Your reply should consist only of the lines from the one holding "West Coast Road, where" to the last line of the data below, written out exactly and without pictures.

---------- Dataset excerpt ----------

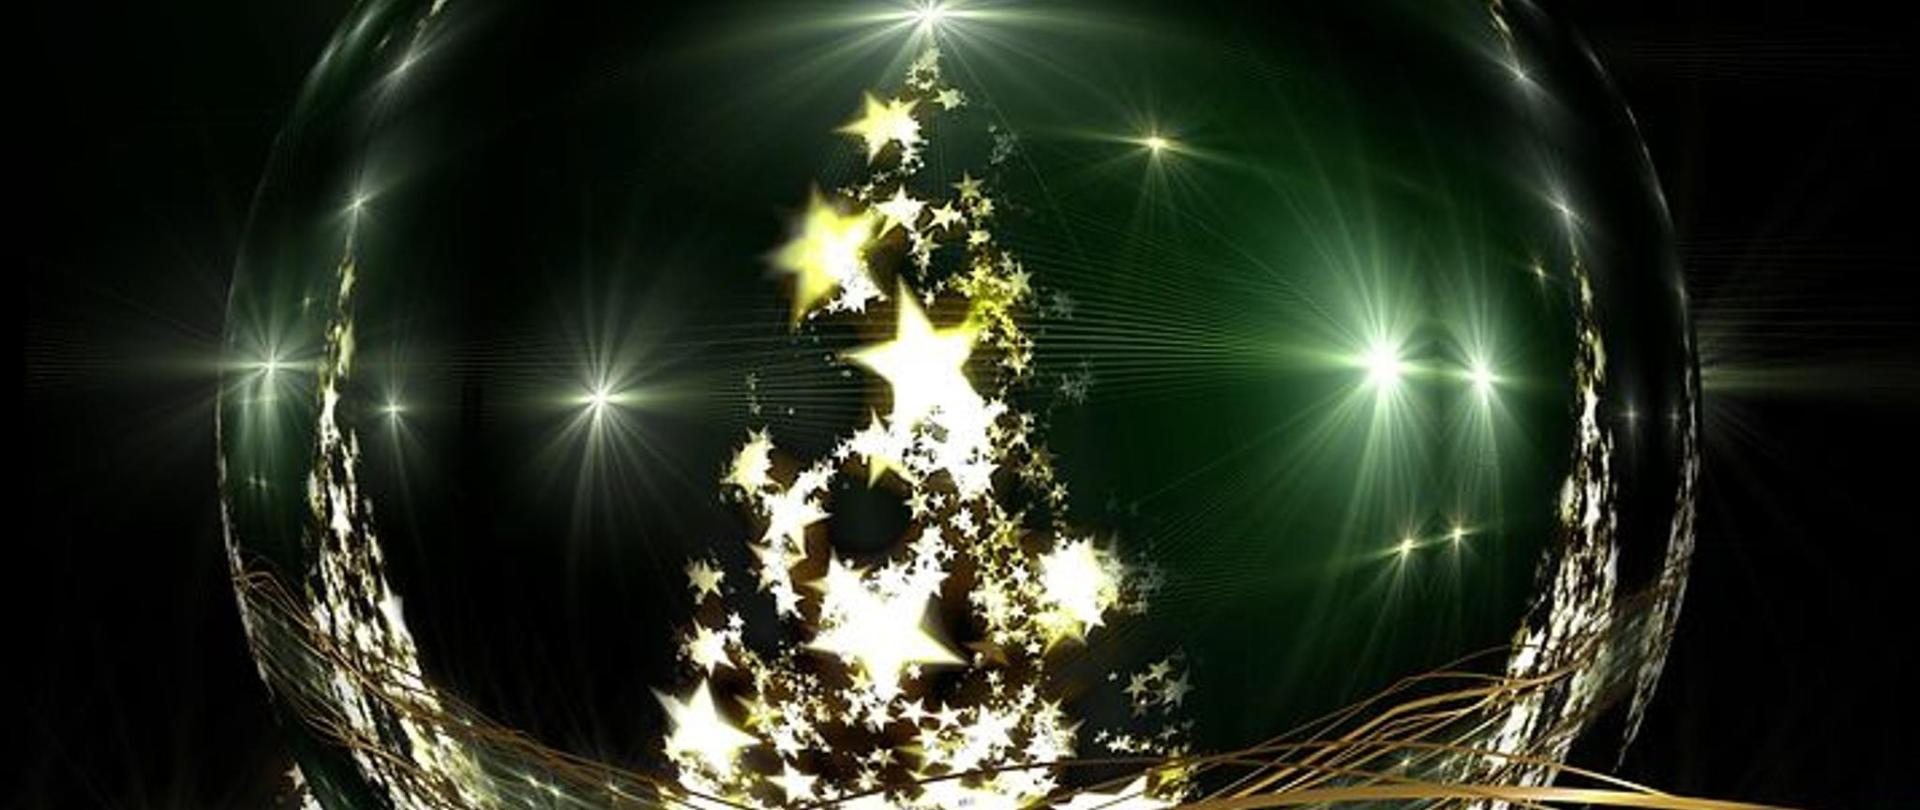 christmas-508220__480.jpg
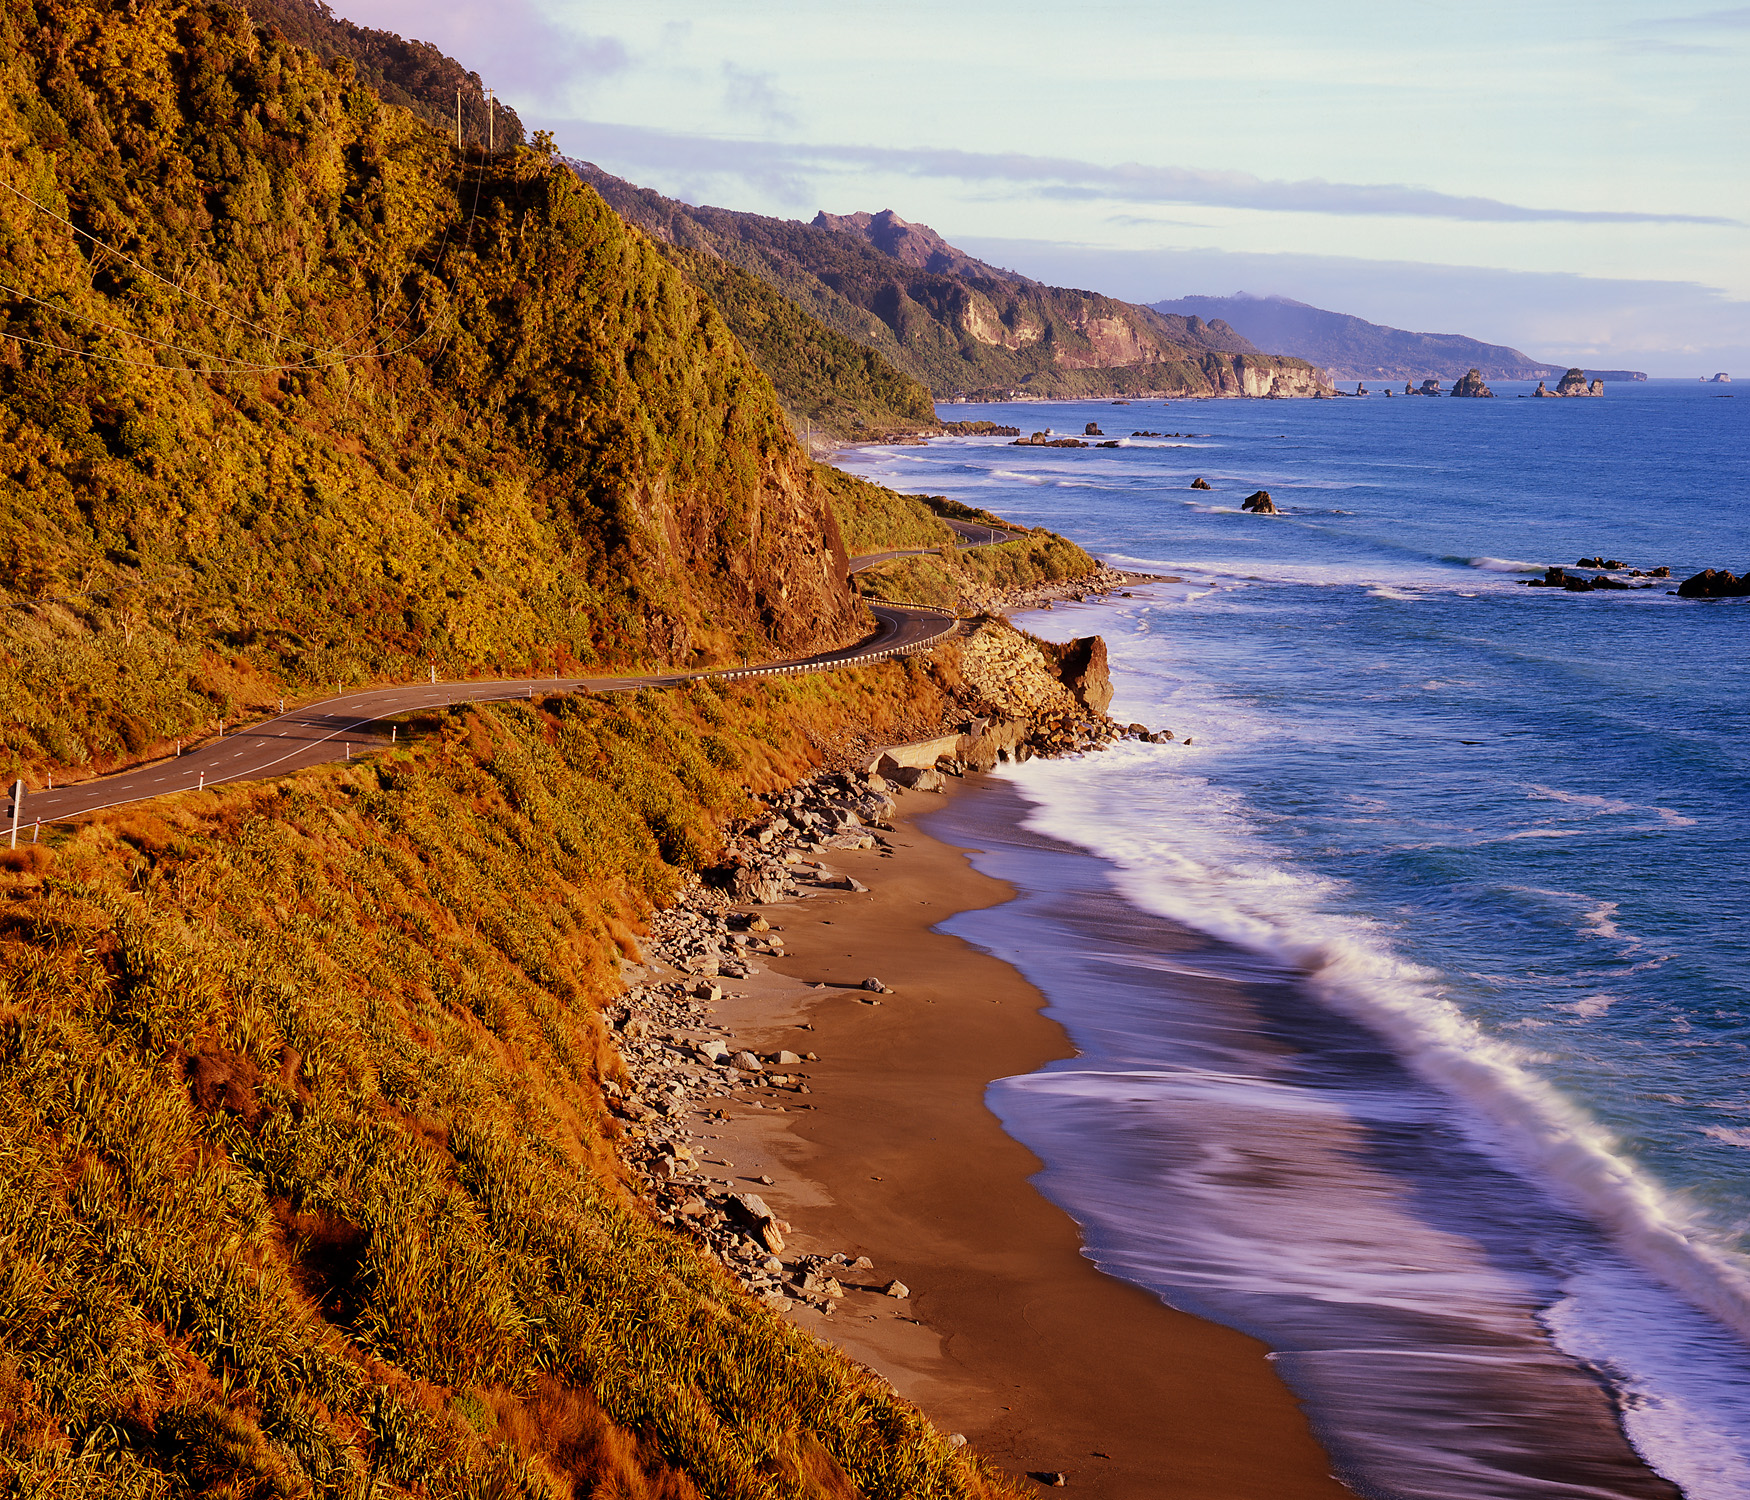 West Coast Road, where the Paparoa Mtn Range meets the Tasman Sea
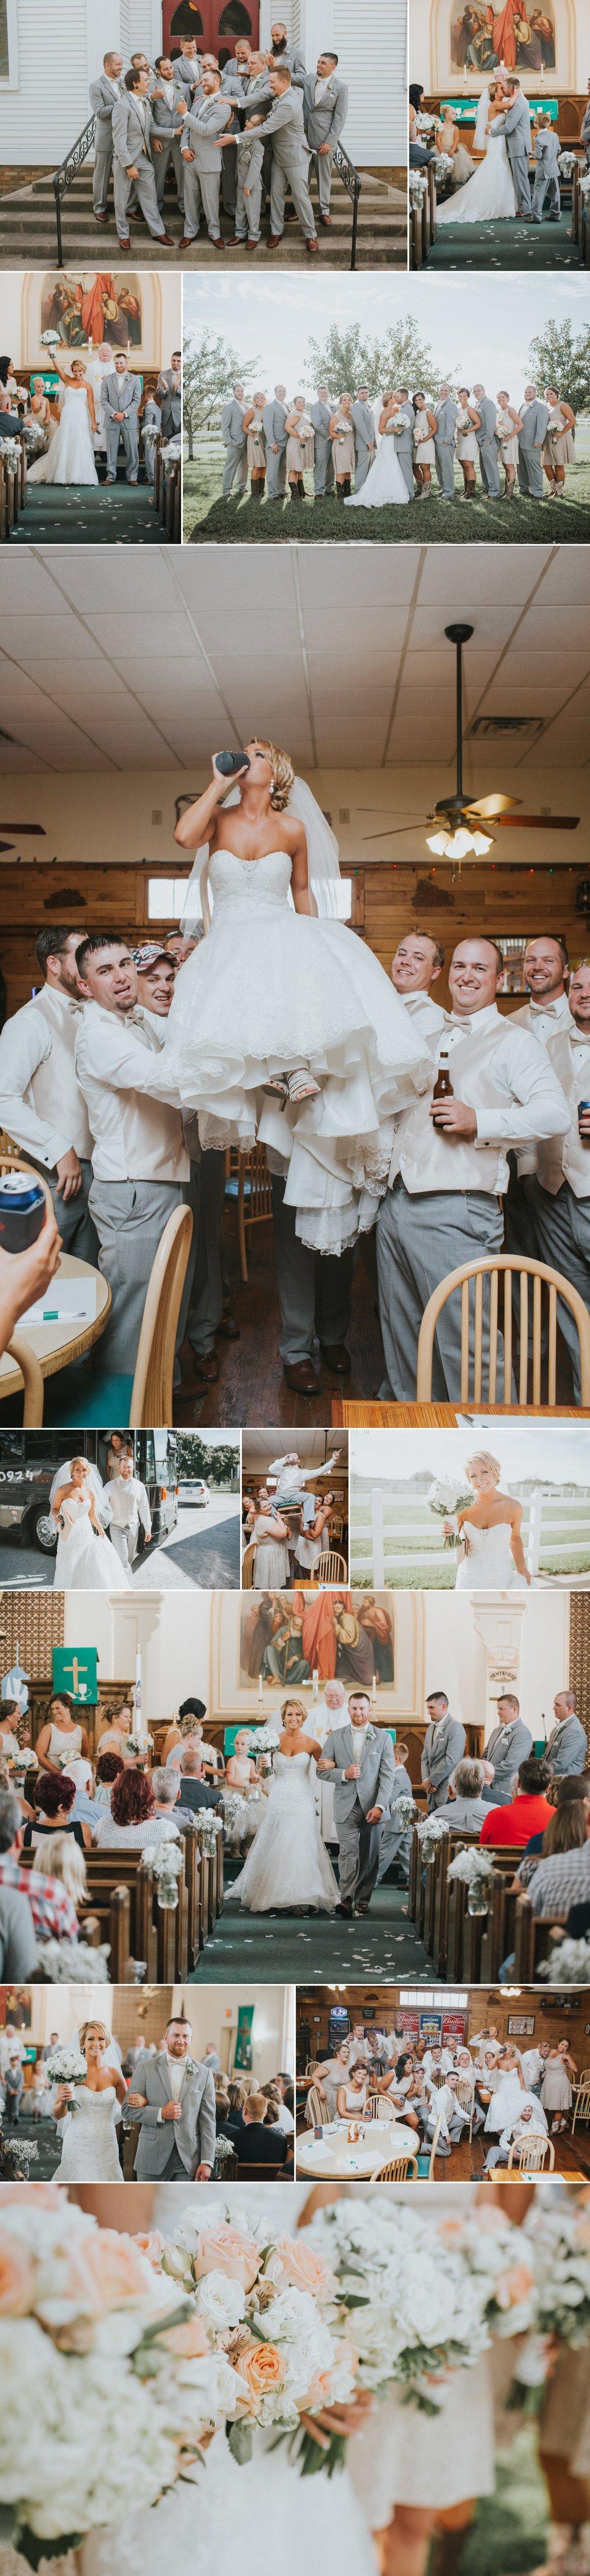 The Olson Wedding 3.jpg

----------

- _Response below_
 West Coast Road, where the Paparoa Mtn Range meets the Tasman Sea
 The Olson Wedding 3.jpg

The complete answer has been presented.